I’ve been writing a few (pending) pieces on user interfaces and social networks, and where they seem to be going. There’s been a lot of buzz recently about Schulze & Webb’s Olinda social radio project, which is a online listening software realised in hardware. It takes cues about your interest in a station by looking at volume levels; the idea being that the volume you listen at reflects your interest in that station.
Last.fm started out with a similar concept; listening to the entirety of a song was also a ‘preference’ vote (or that you were away from your computer, how can you tell the difference?), and that skipping a song indicated you didn’t like it. These are quite harsh metrics; there could be other reasons for skipping a song (you’re not in the right mood, you have a twitchy mouse finger) so it’s not necessarily an analogue for voting.

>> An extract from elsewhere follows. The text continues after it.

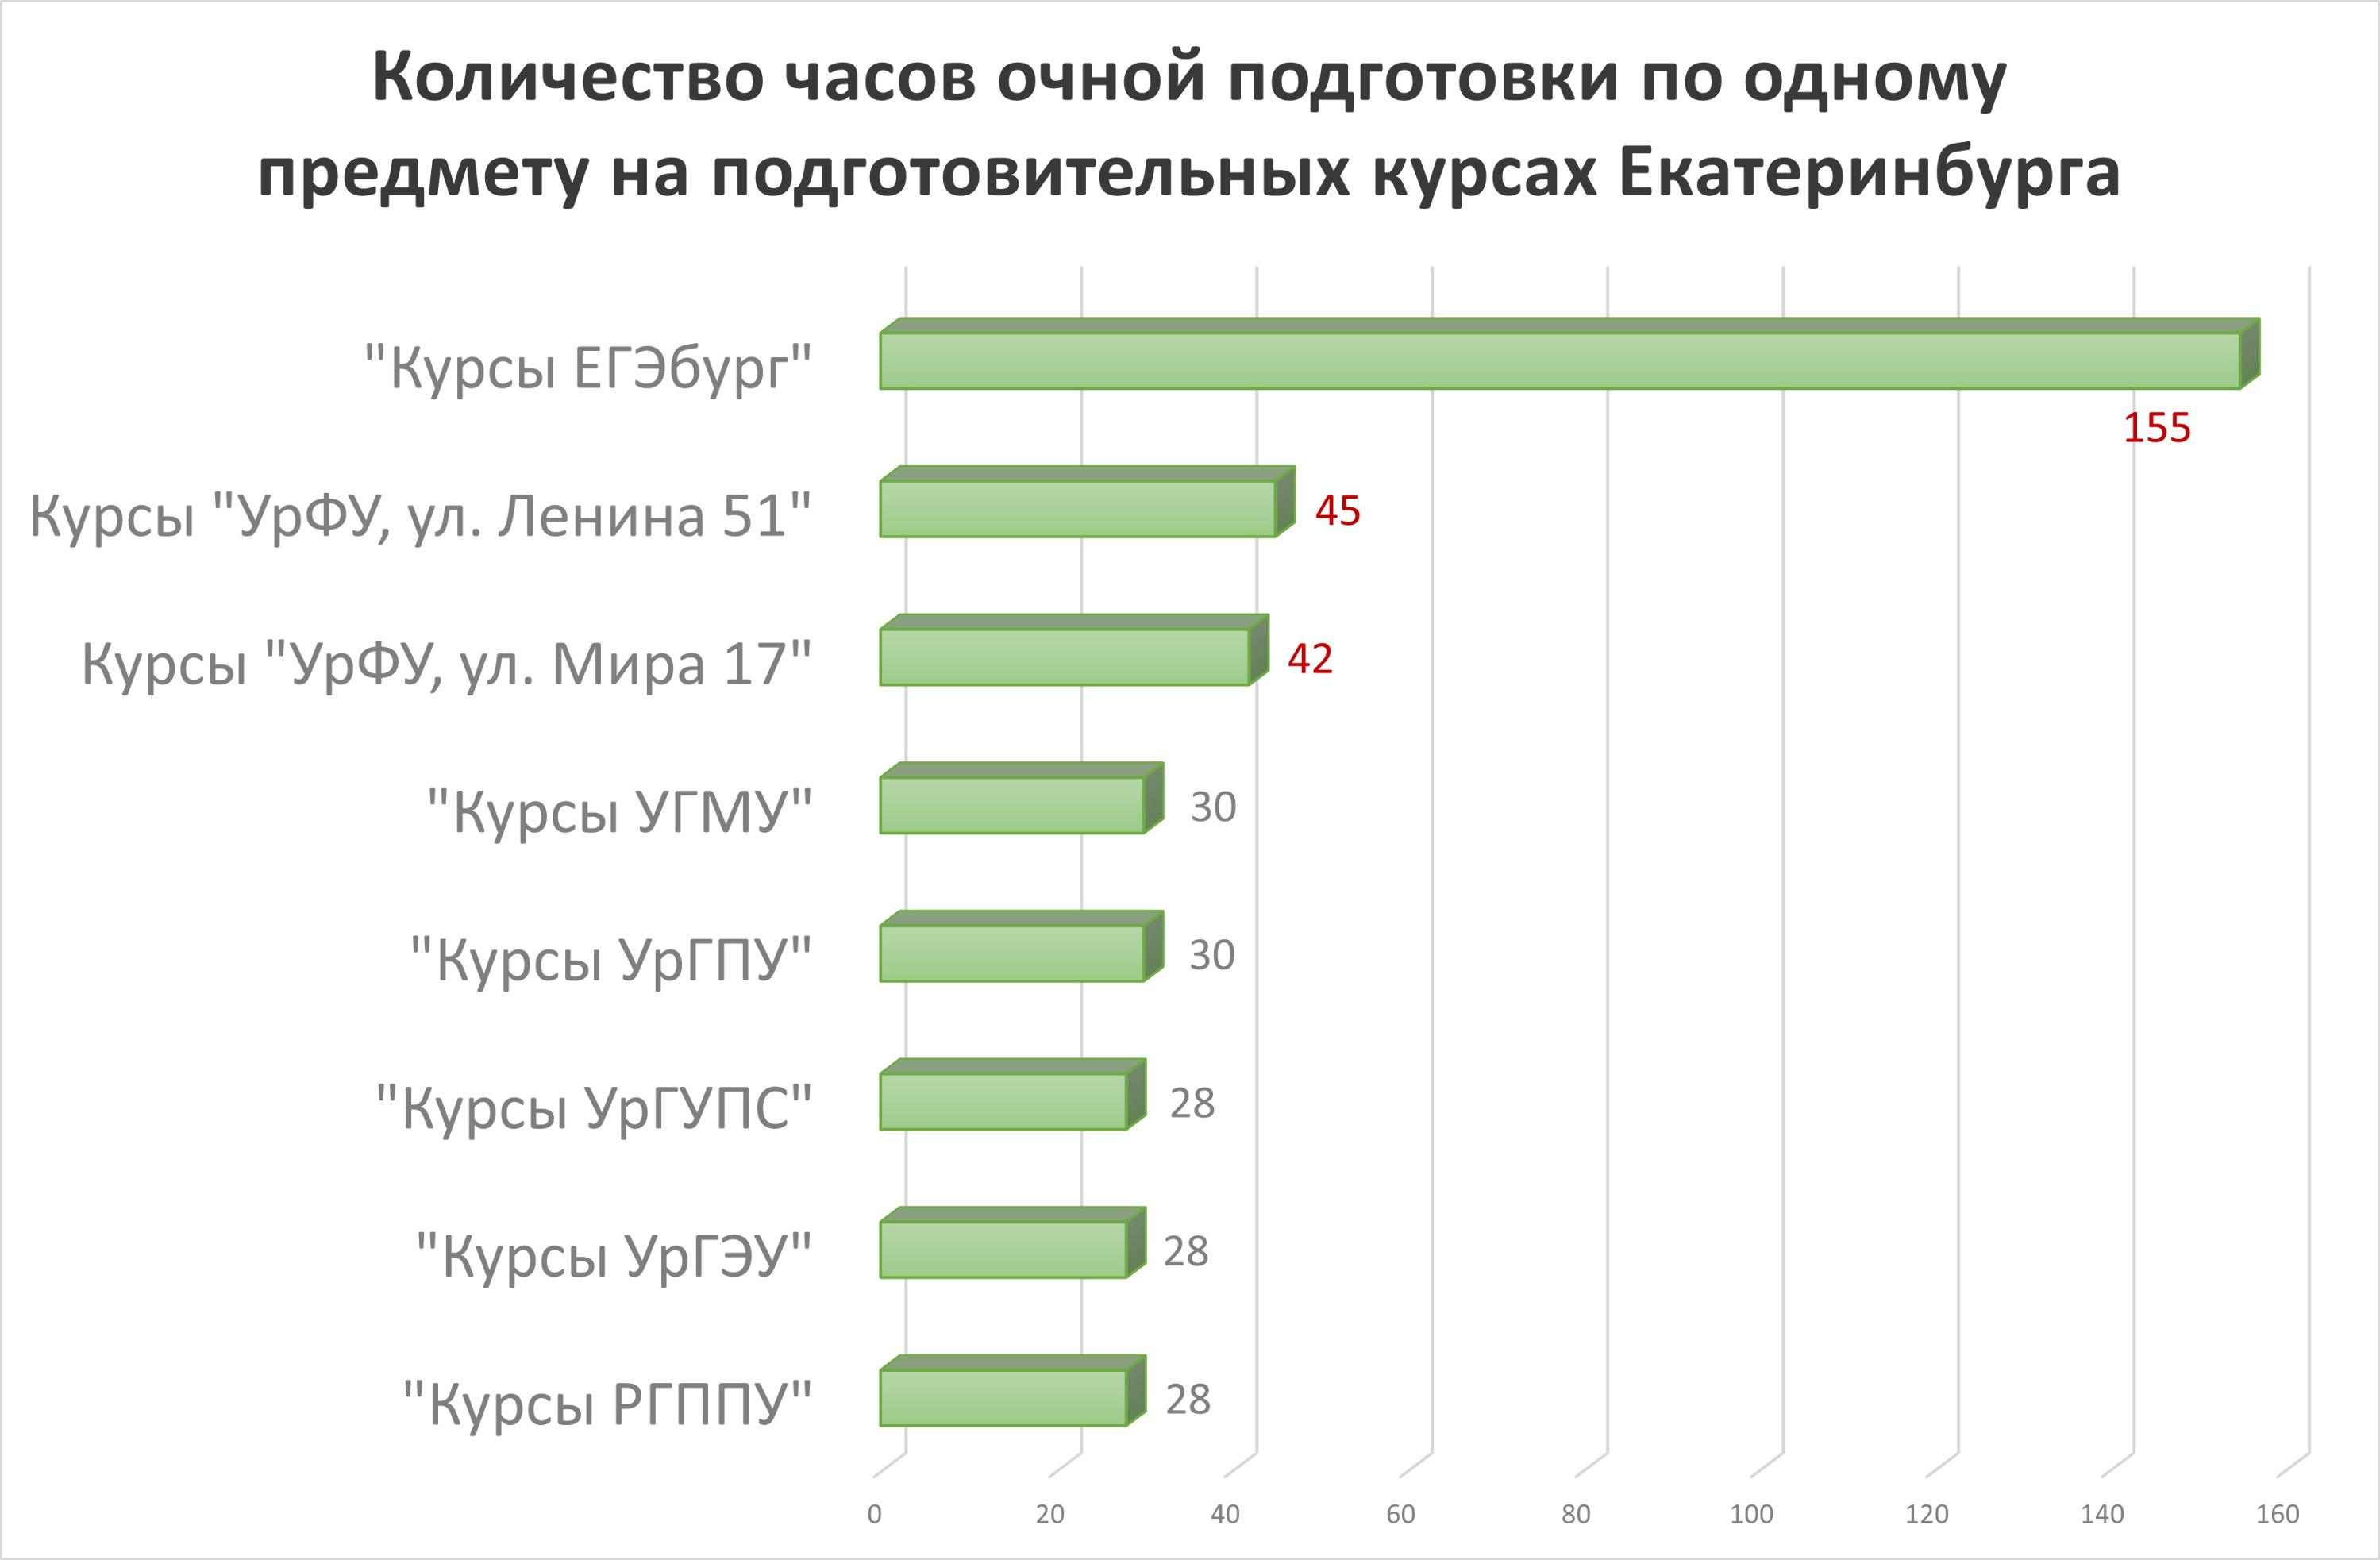 Согласно исследованию, объем академических часов, выдаваемых разными краткосрочными курсами подготовки к ЕГЭ в Екатеринбурге, различается в разы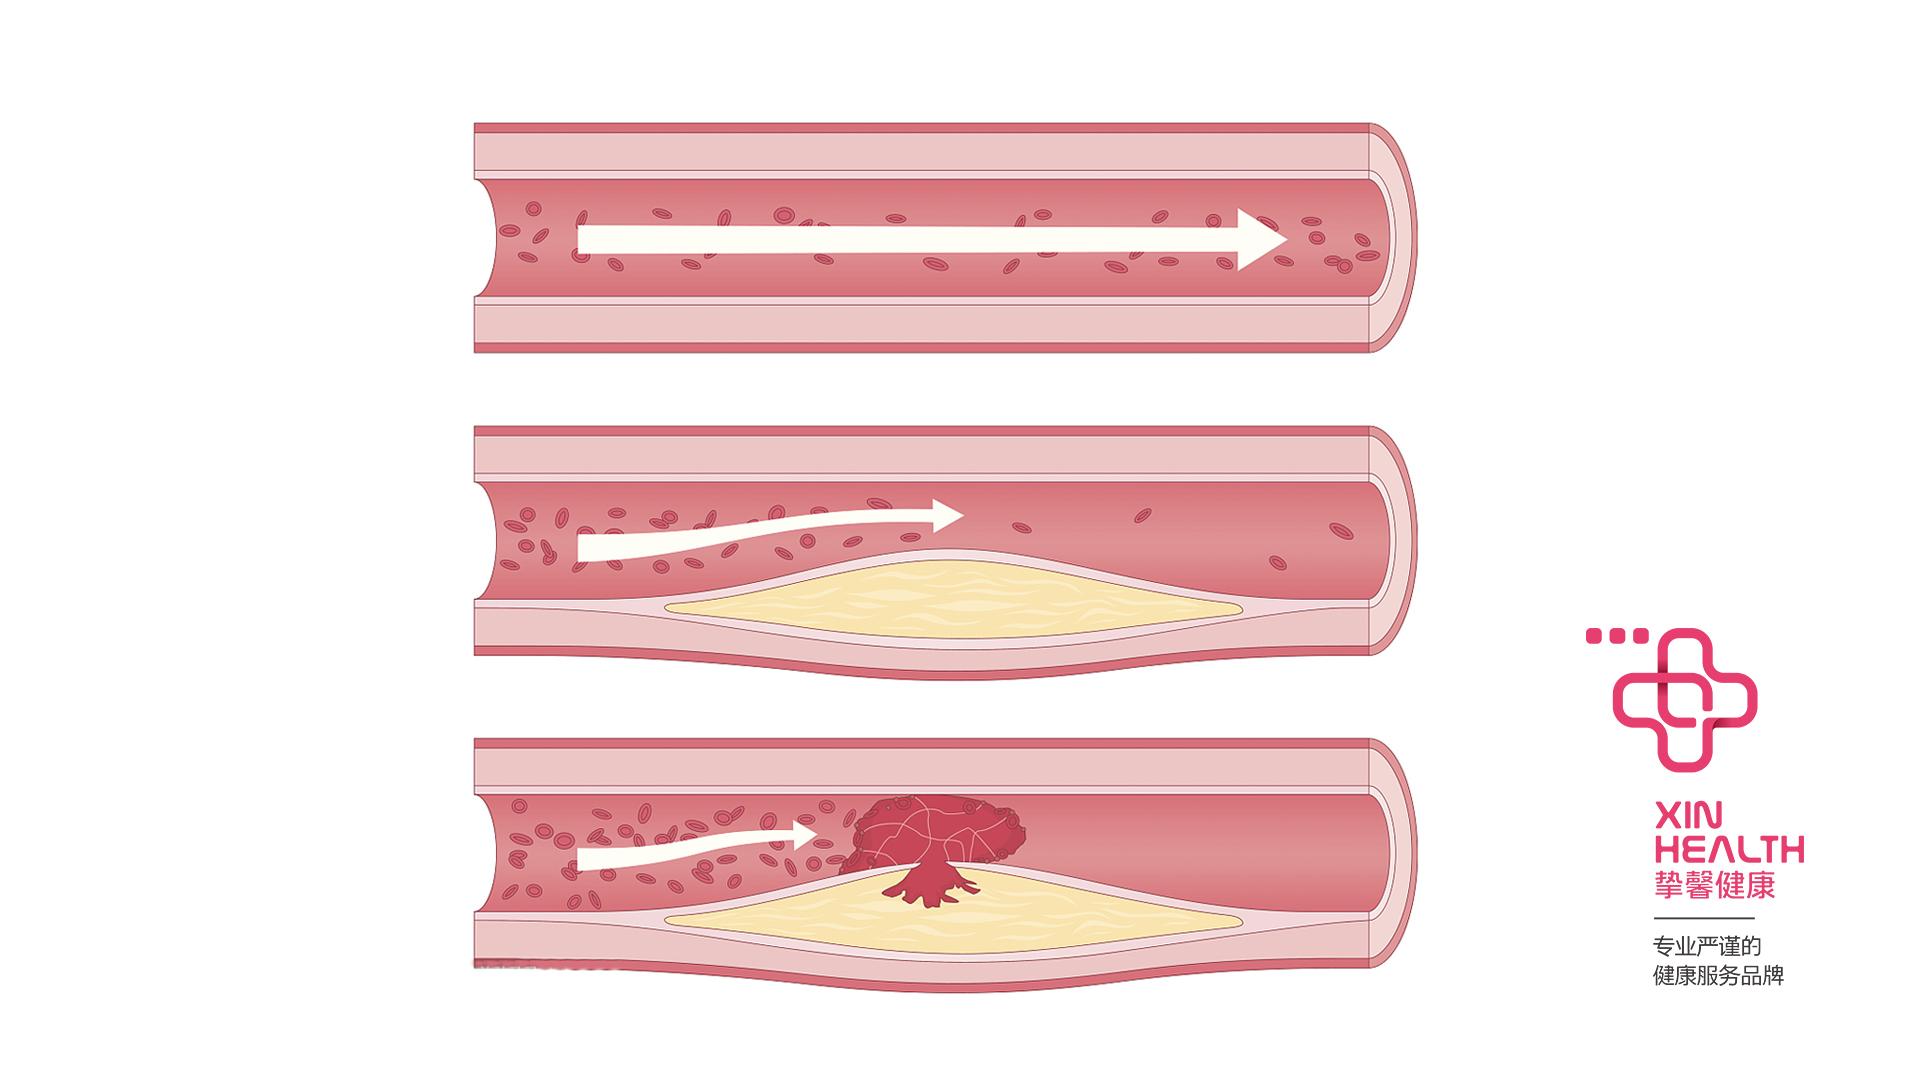 心肌梗塞的主要原因:冠状动脉遭到阻塞

However, I’m particularly enamoured of two things happening here; user-generated metrics and passive data gathering. User-generated metrics is the idea that users and their behaviour in an electronic space provide very tangible feedback about their relationship to those spaces. The classic example is Amazon’s recommendation engine – people who bought that also bought this – but there are many abstracts ways this information can be gathered, and what it can mean. Passive data gathering is the idea that, like the example above, the way people interact with devices (and interfaces) provide a great deal of extraneous objective information, which could not be gathered should the same information was expressed in explicit terms. ‘Skip this song’ says so much more than a form which assessed your liking of the current song, and whether you’d like to hear it again in a week, month or year. Just skip it; if I skip it again, I don’t want to hear it.